Should CenturyLink be able to price internet services to disable its competition like Netflix for DirectTV satellite service?

I question whether Facebook

I question whether Facebook or Netflix have what is traditionally defined as "market power." "Market power" implies the power to control price. And that depends on what you define as the competition or the "market."

Netflix is involved in a lot of different markets. Netflix is growing where the other cable networks are struggling. If the ISP's do not not build out more, and if access policies remain in Netflix's favor, Netflix will become increasingly dominant.

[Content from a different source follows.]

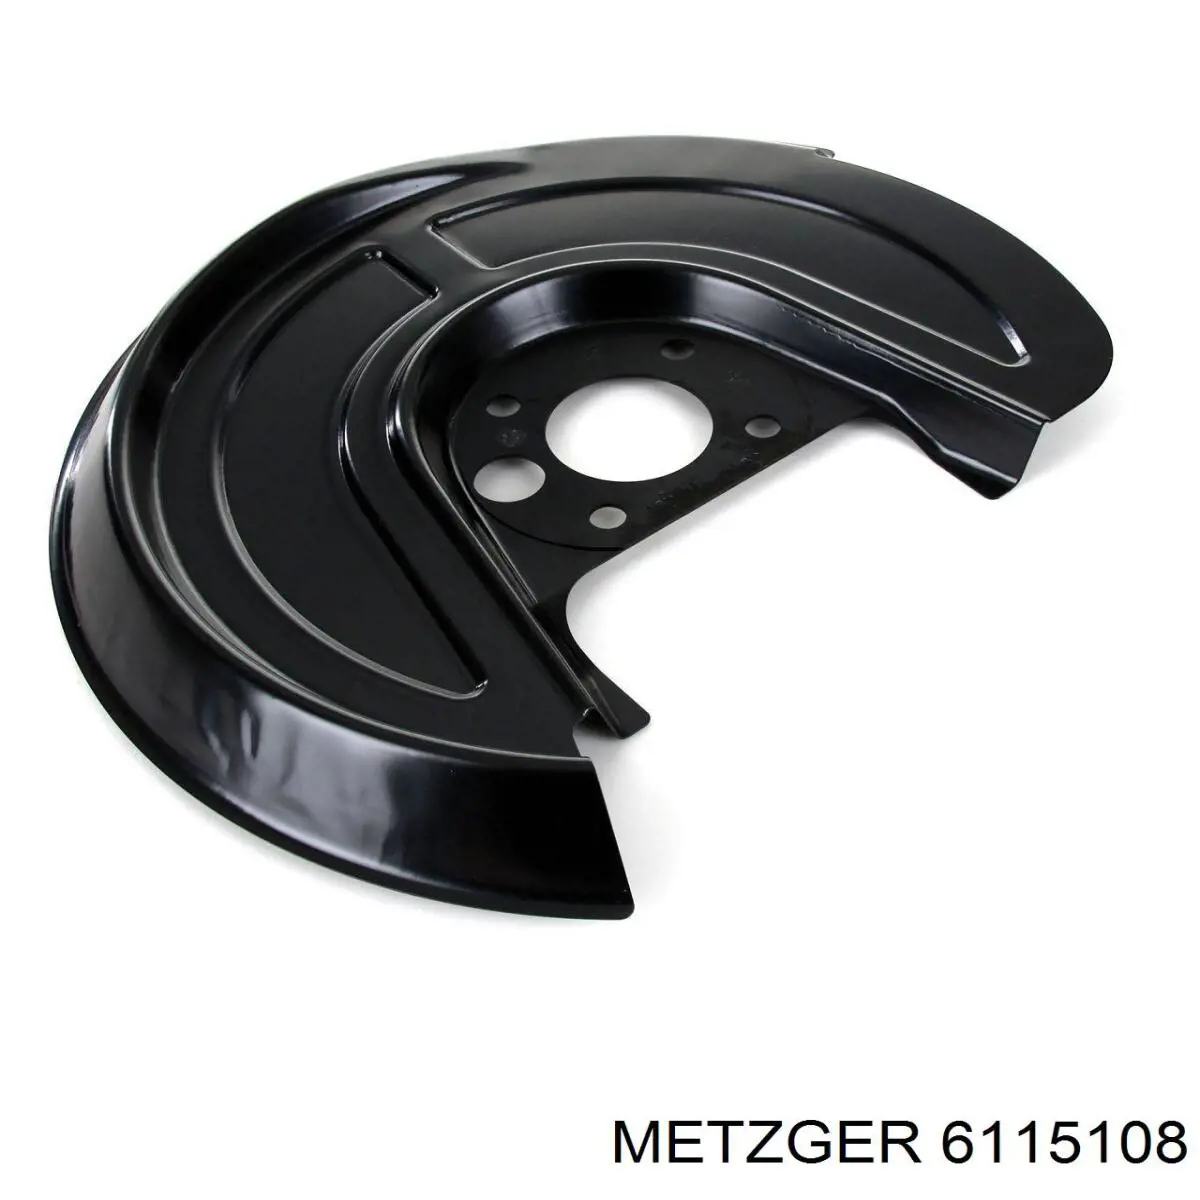 6115108 Metzger chapa protectora contra salpicaduras, disco de freno trasero derecho

Maybe.

Sports programming has incredible power. Sports is all that's left of appointment programming. But even there, there are problems. The NFL had a difficult ratings year last year. Was that an outlier, or a sign of things to come? The league is slicing and dicing their audience, but I question whether that makes their audience bigger.

Where technology issues are concerned, I have a visceral negative reaction to anything that says "let's maintain the status quo". In technology the status quo is the thing that never lasts. I would suggest that allowing greater flexibility in pricing between the big dogs will increase the capacity of internet in both ways we can foresee and way we cannot imagine. It will give space to new companies to rise in competition to Netflix, just as creation of the internet itself provided an opportunity for Netflix to compete with conventional networks.

In political terms, this sort of bugs me. It's a complicated issue that people don't understand or resonate to except with emotionally laden catch phrases. I am a Democrat, and for Al Franken to be out front on an issue like this suggests that he is intellectually hamstrung by his old entertainment background. In Al's case, it doesn't make much difference because he isn't going anywhere, but it's a risky position for my party as a whole which looks and feels old, to take.